WHAT IS REQUIRED :: From the listing below, please restate exactly the lines beginning at the one with "Dr. Neubauer Rubber Tornado Supreme Soft" and ending at the one with "Schrade Viper Side", both included, and skip the pictures.

EXERCISE MATERIALS ::
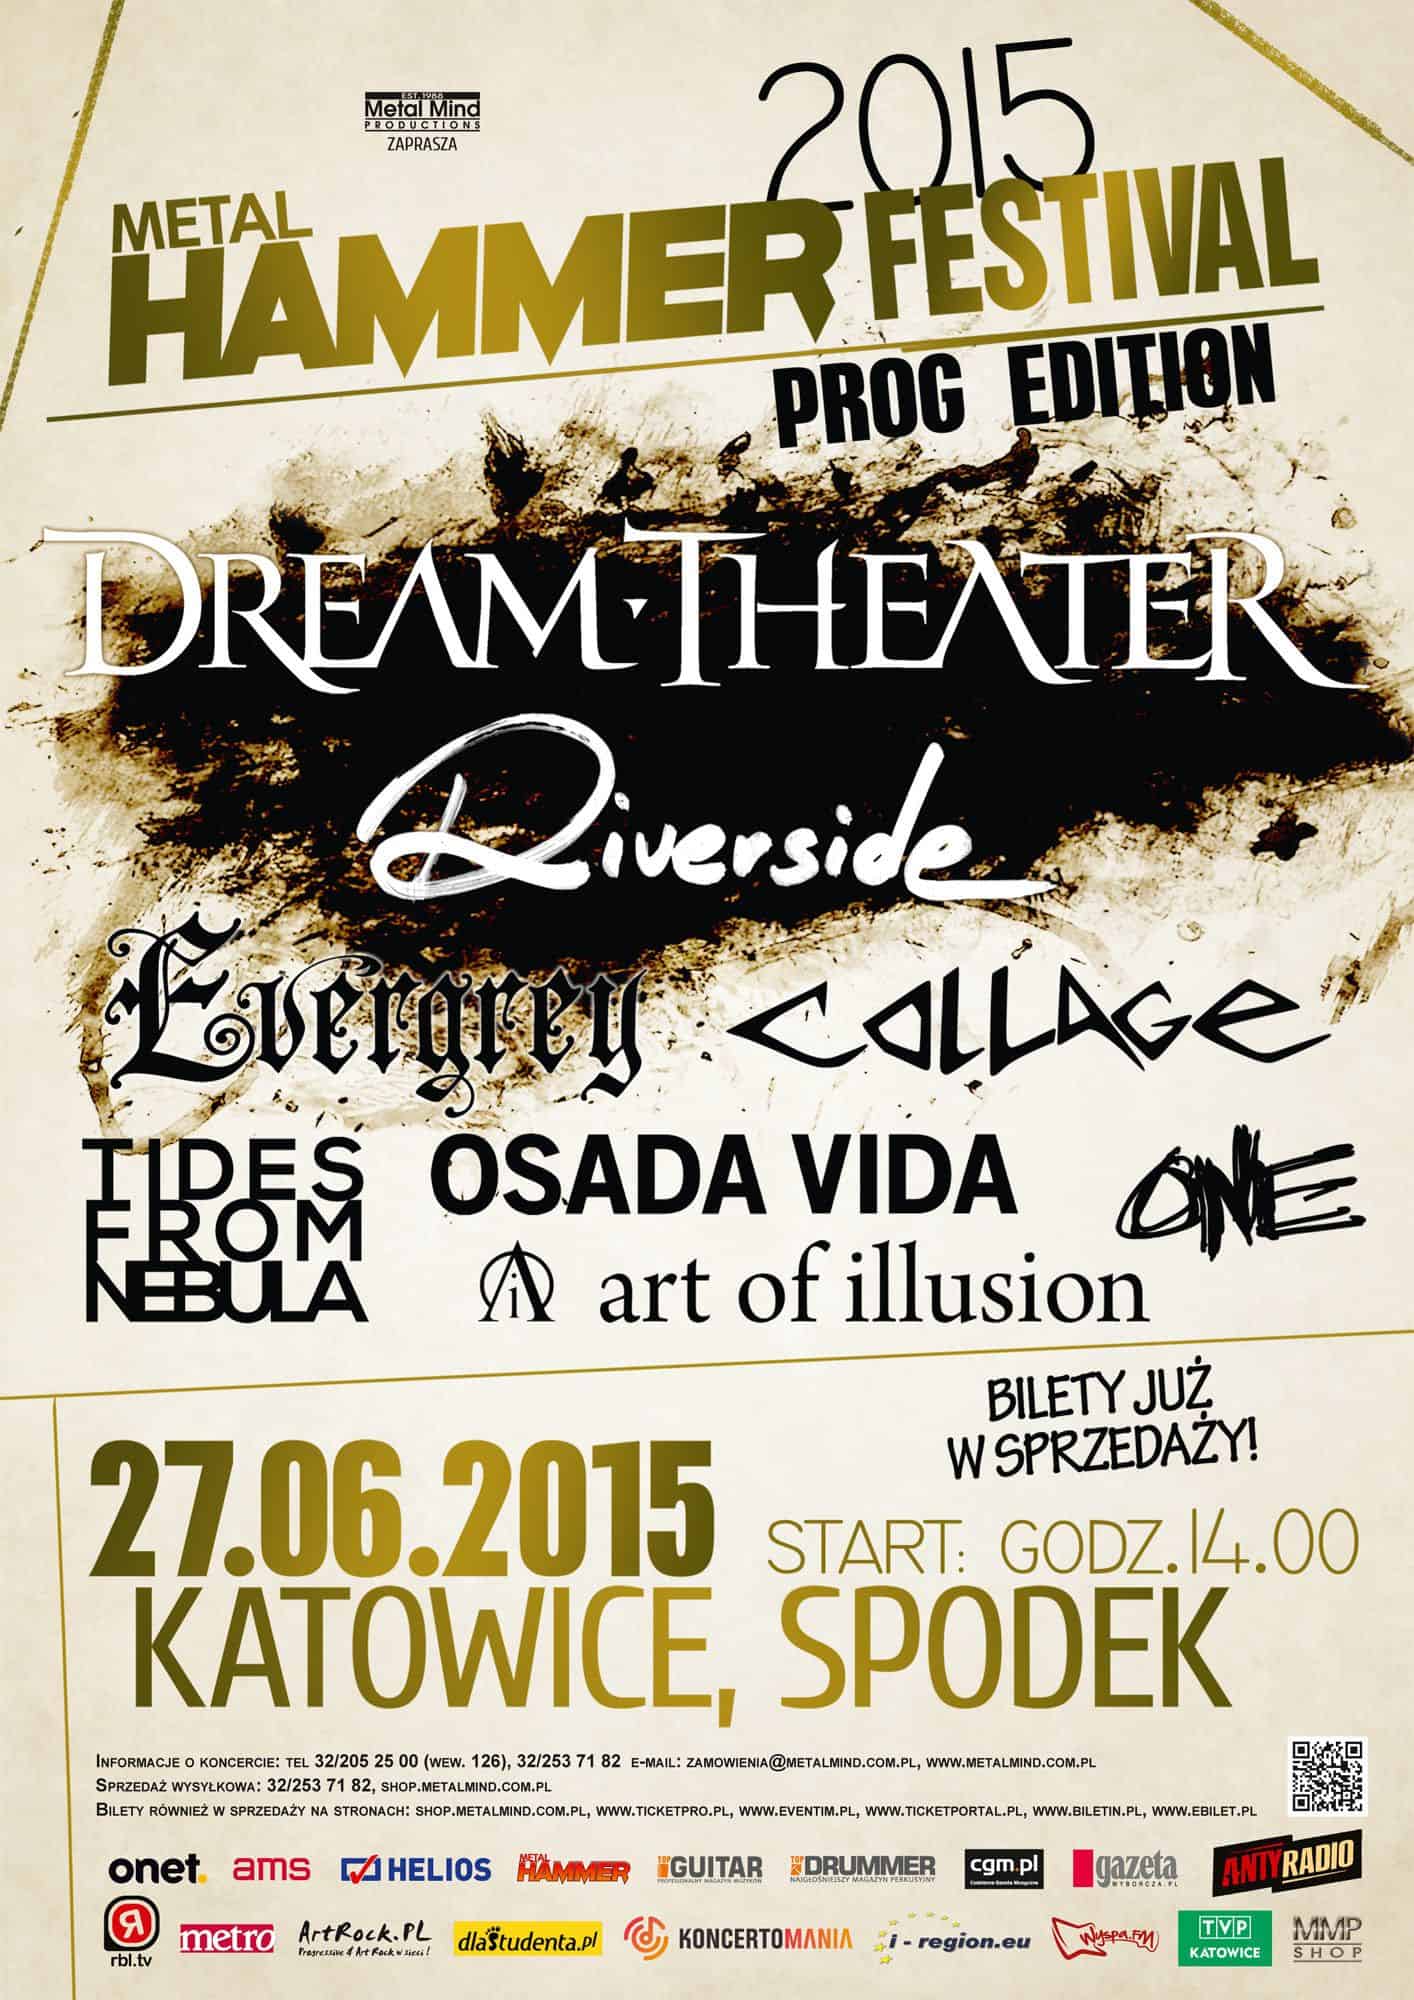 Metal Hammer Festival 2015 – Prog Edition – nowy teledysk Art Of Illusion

---

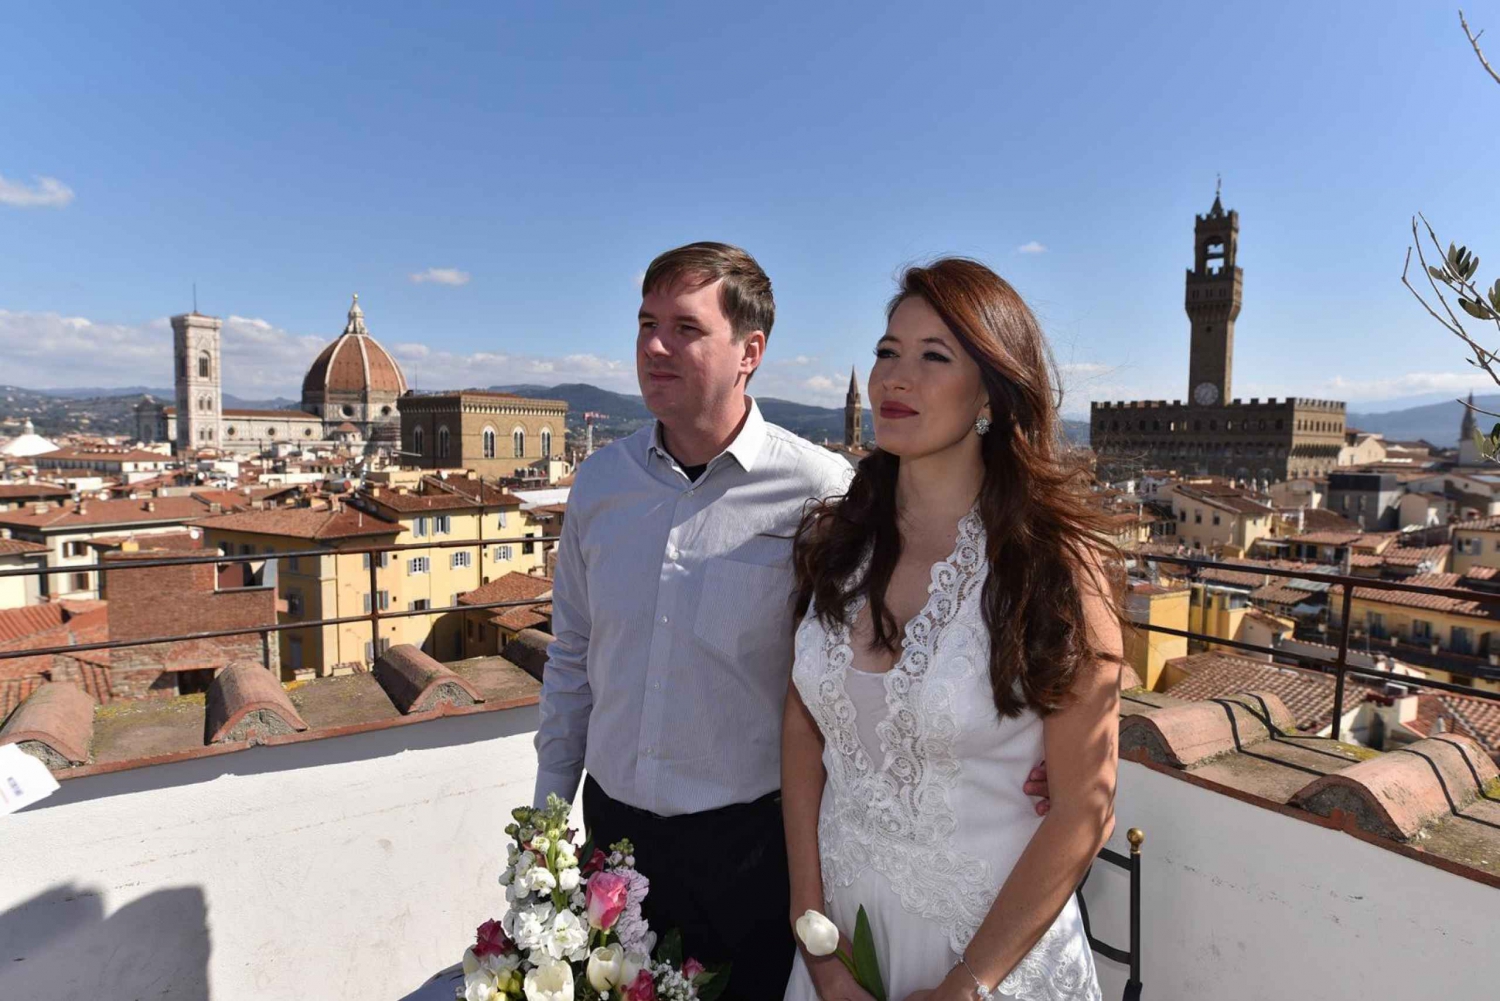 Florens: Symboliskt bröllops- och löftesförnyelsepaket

==

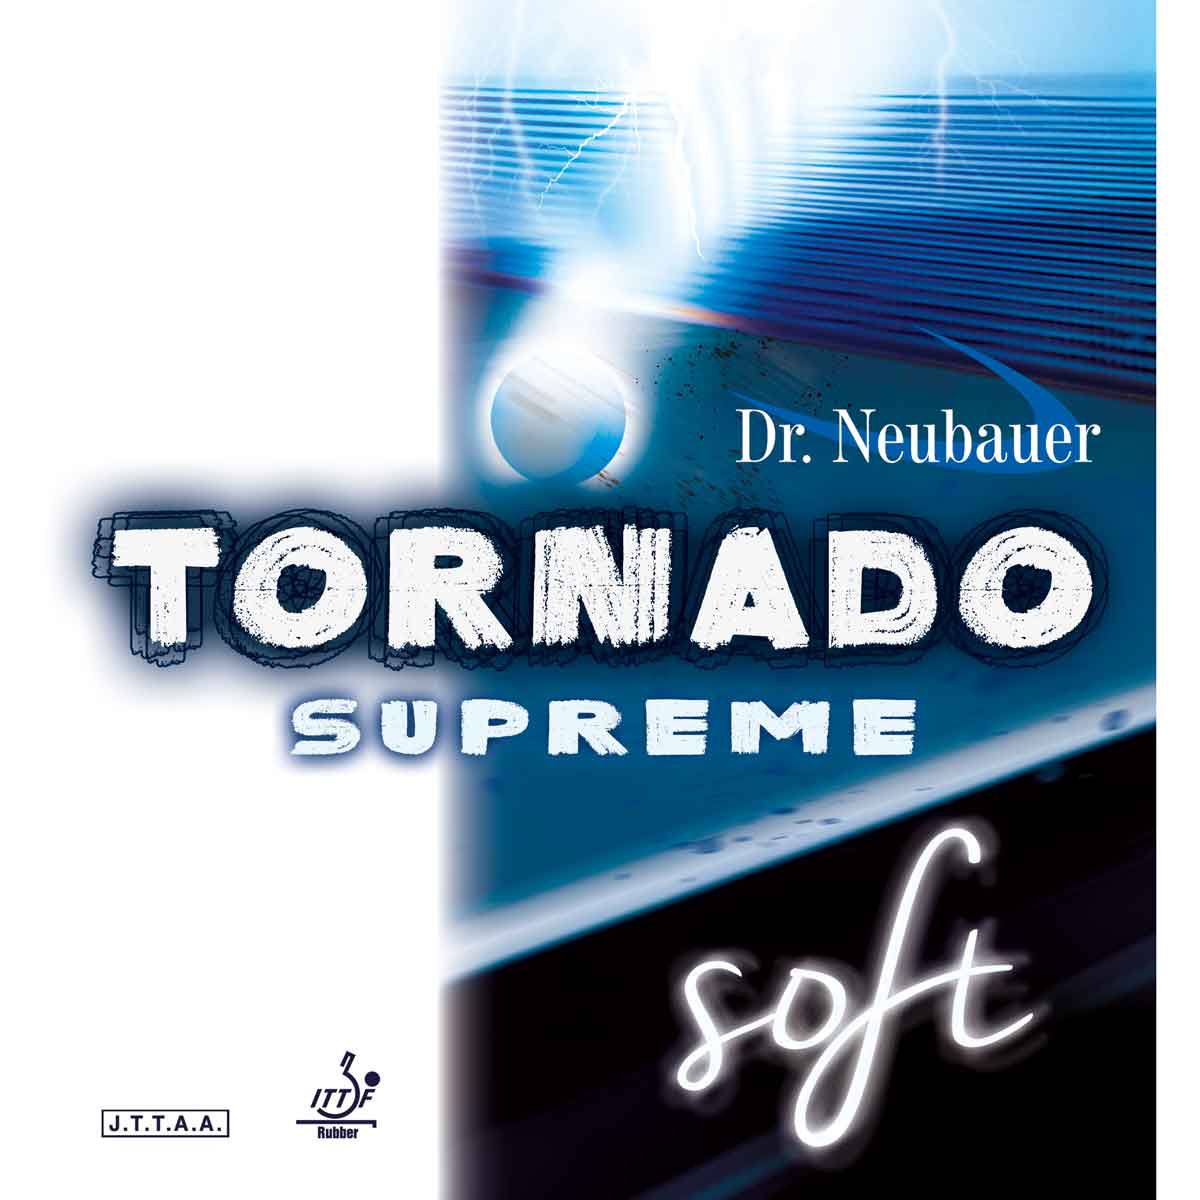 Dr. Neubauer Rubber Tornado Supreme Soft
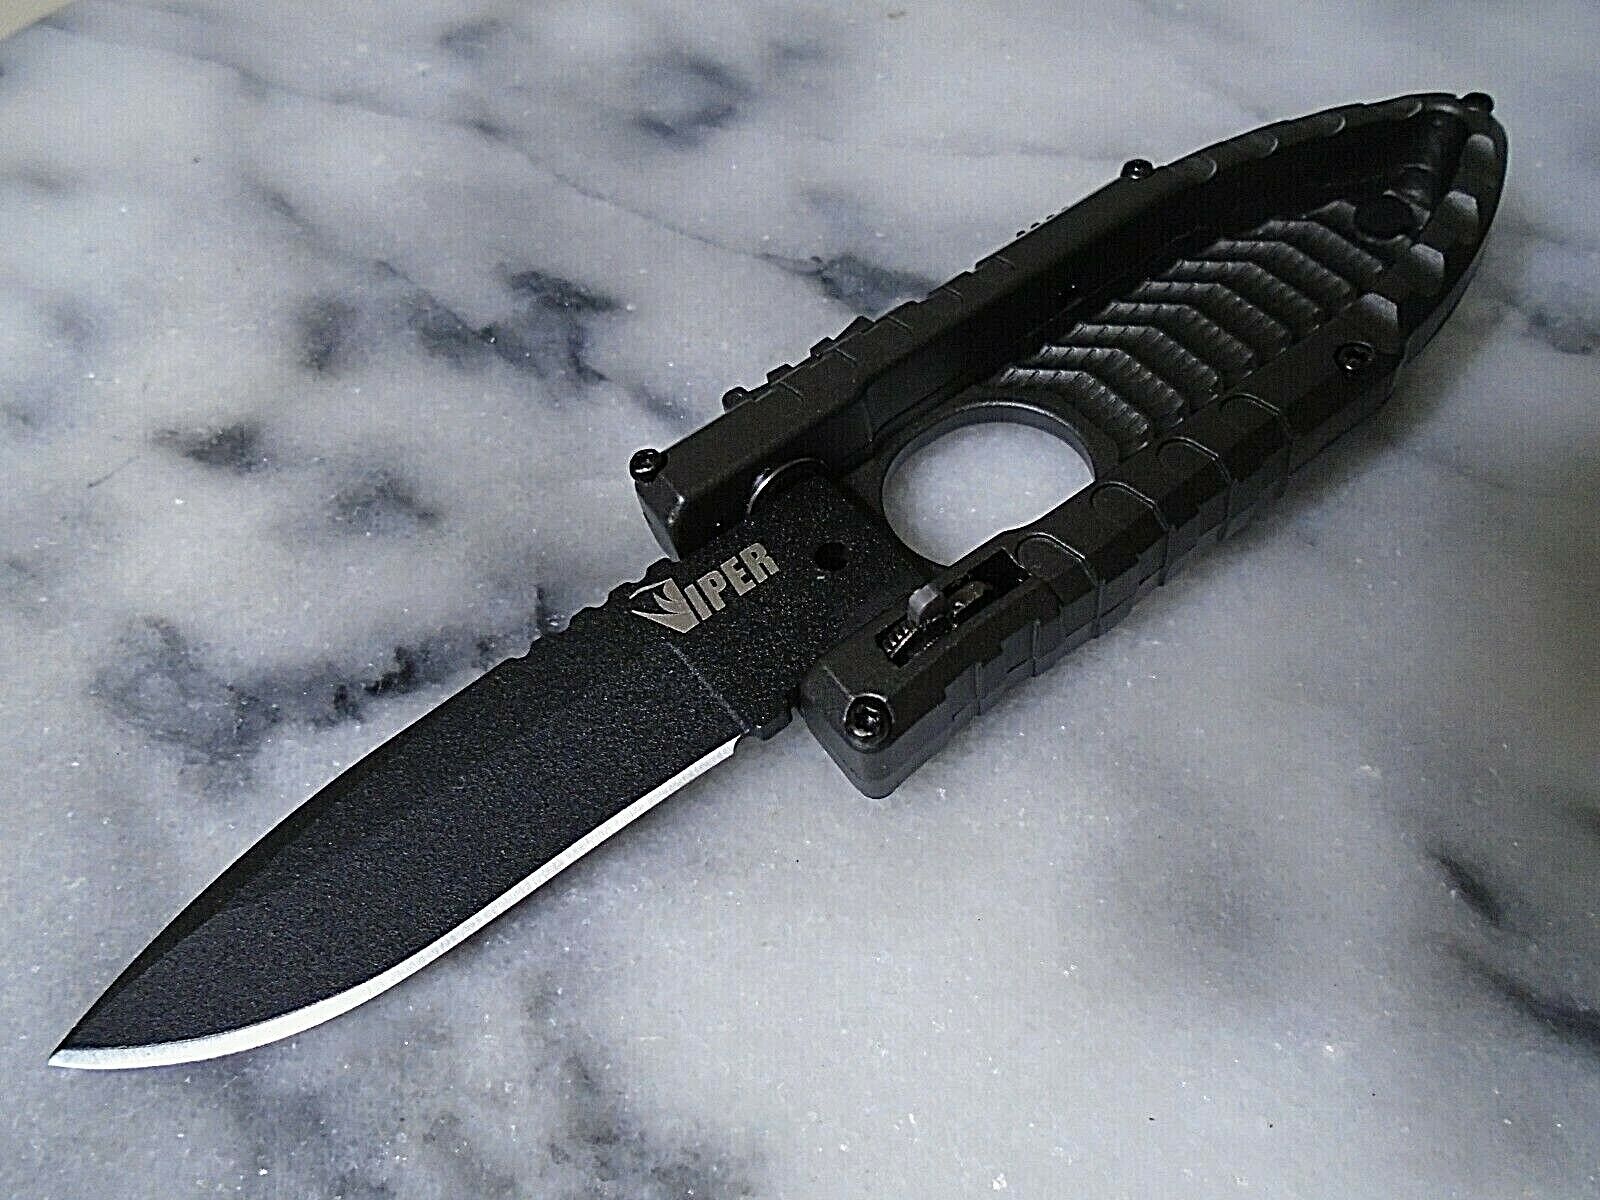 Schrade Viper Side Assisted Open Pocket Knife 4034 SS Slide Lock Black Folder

YOUR SOLUTION ::
 Dr. Neubauer Rubber Tornado Supreme Soft
 Schrade Viper Side Assisted Open Pocket Knife 4034 SS Slide Lock Black Folder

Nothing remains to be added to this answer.